A generic old 89C52 is not the ideal device; Look at AT89C51ED2, (newer, better peripherals), or maybe the AT89LP2052, or C8051F3xx series.

The simplest scheme is to use the uC HW as much as possible; for Freq you want Cycles/FixedTimeSample.

The 89C51ED2 allows true HW, where you use Timer2+T2OE, in FREQ_OUT mode, to trigger a CAPTURE of the Externally [Fu] Clocked PCA [Needs external wire T2 -> CEX0], on a fixed capture timebase. Those hard-sampled cycle values are then further added/averaged in SW.

A 22.1184MHz Xtal and Timer2, reload value of 55296, will give 10ms snapshot edges on T2 output pin, to capture the Fu counts.

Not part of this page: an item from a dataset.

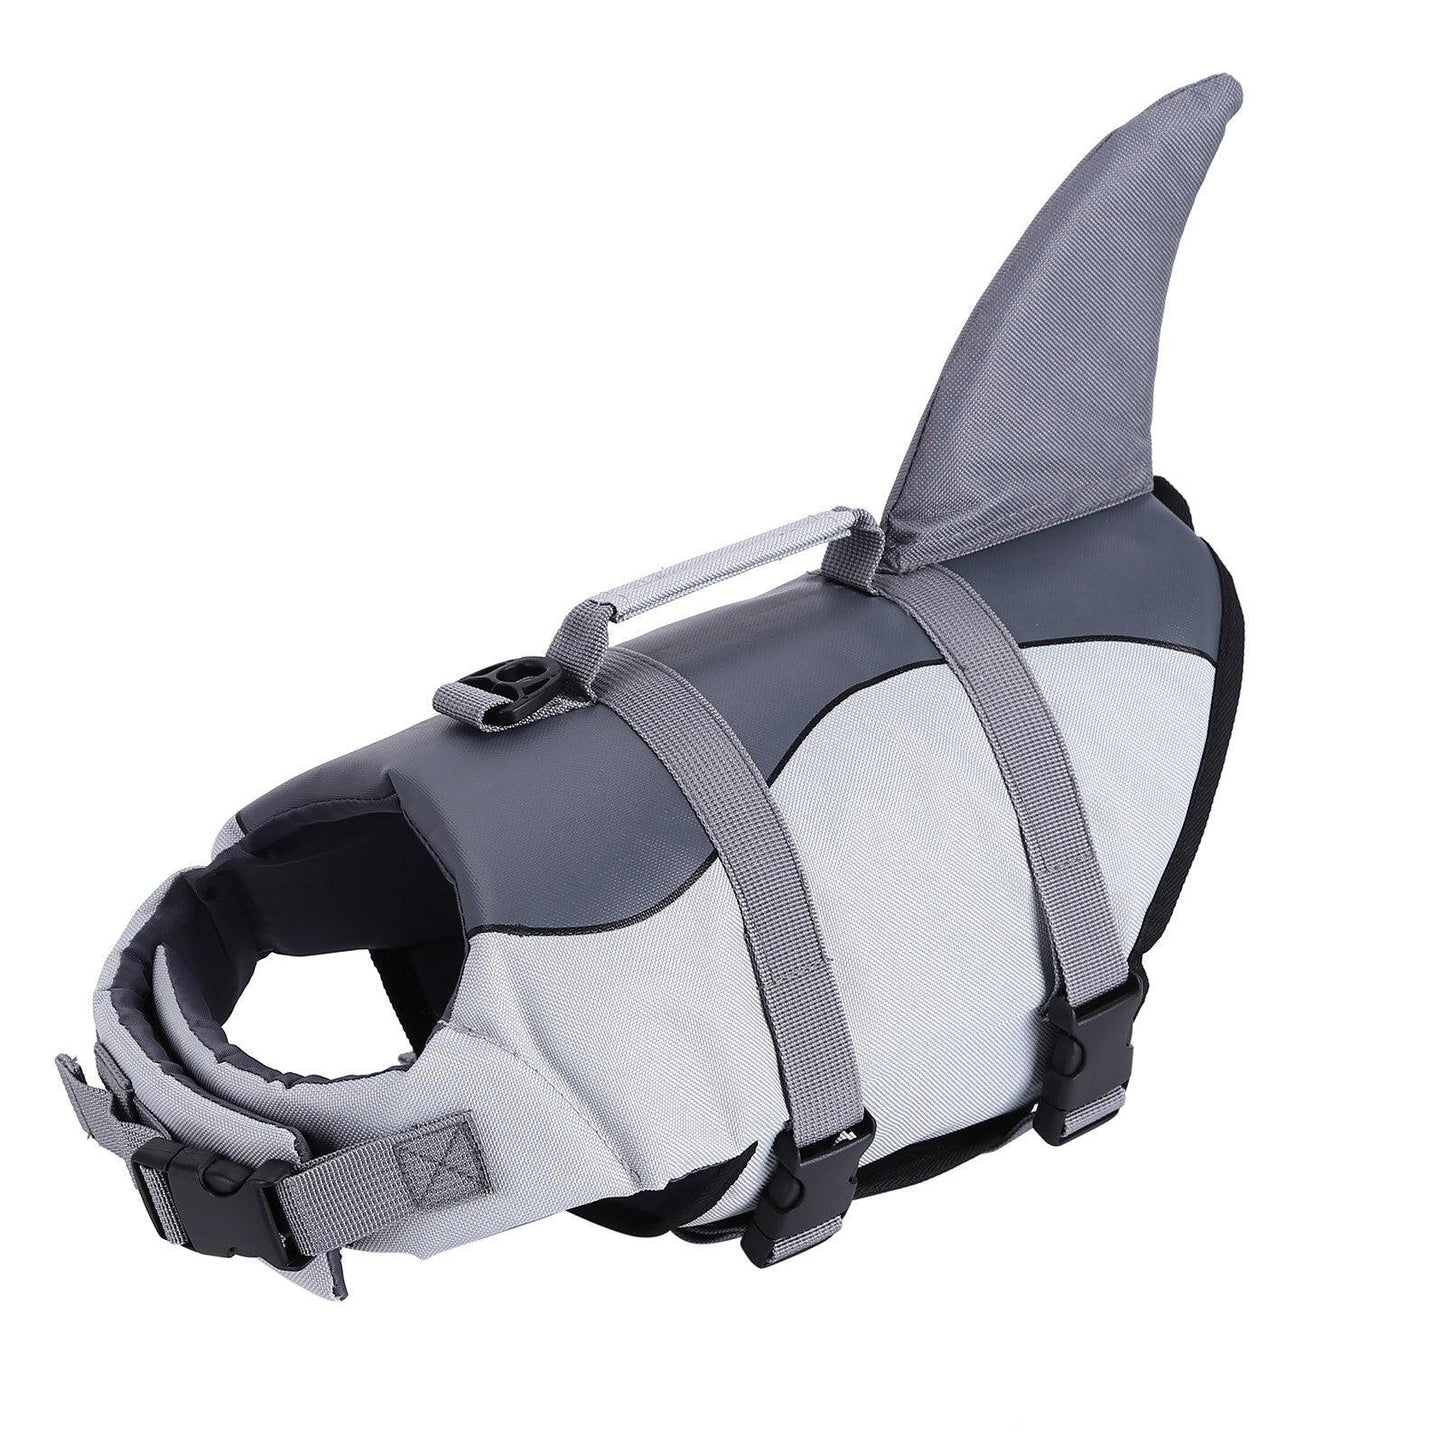 Shark life vest for dogs

Then total 10,50,100 of those, for 0.1, 0.5, 1.0 second gate times. Fmax in is just over 5MHz, as the PCA counts at

Reply to
Jim Granville

While you can get a large number of (meaningless) digits, you really need an accurate time base/clock source. To get 6 meaningful digits, you need a clock better than 1 ppm, for 7/8 digits, you would need some kind of TXCO or run the crystal in a temperature compensated oven. With a typical microprocessor crystal, you would expect to get 4 or 5 meaningful digits, unless you lock your time base to an external accurate source such as GPS or NTP (with long integration times).


Reply to
Paul Keinanen

It's only possible if you want a fairly low spec unless you use an external counter/timebase and just use the micro to control it.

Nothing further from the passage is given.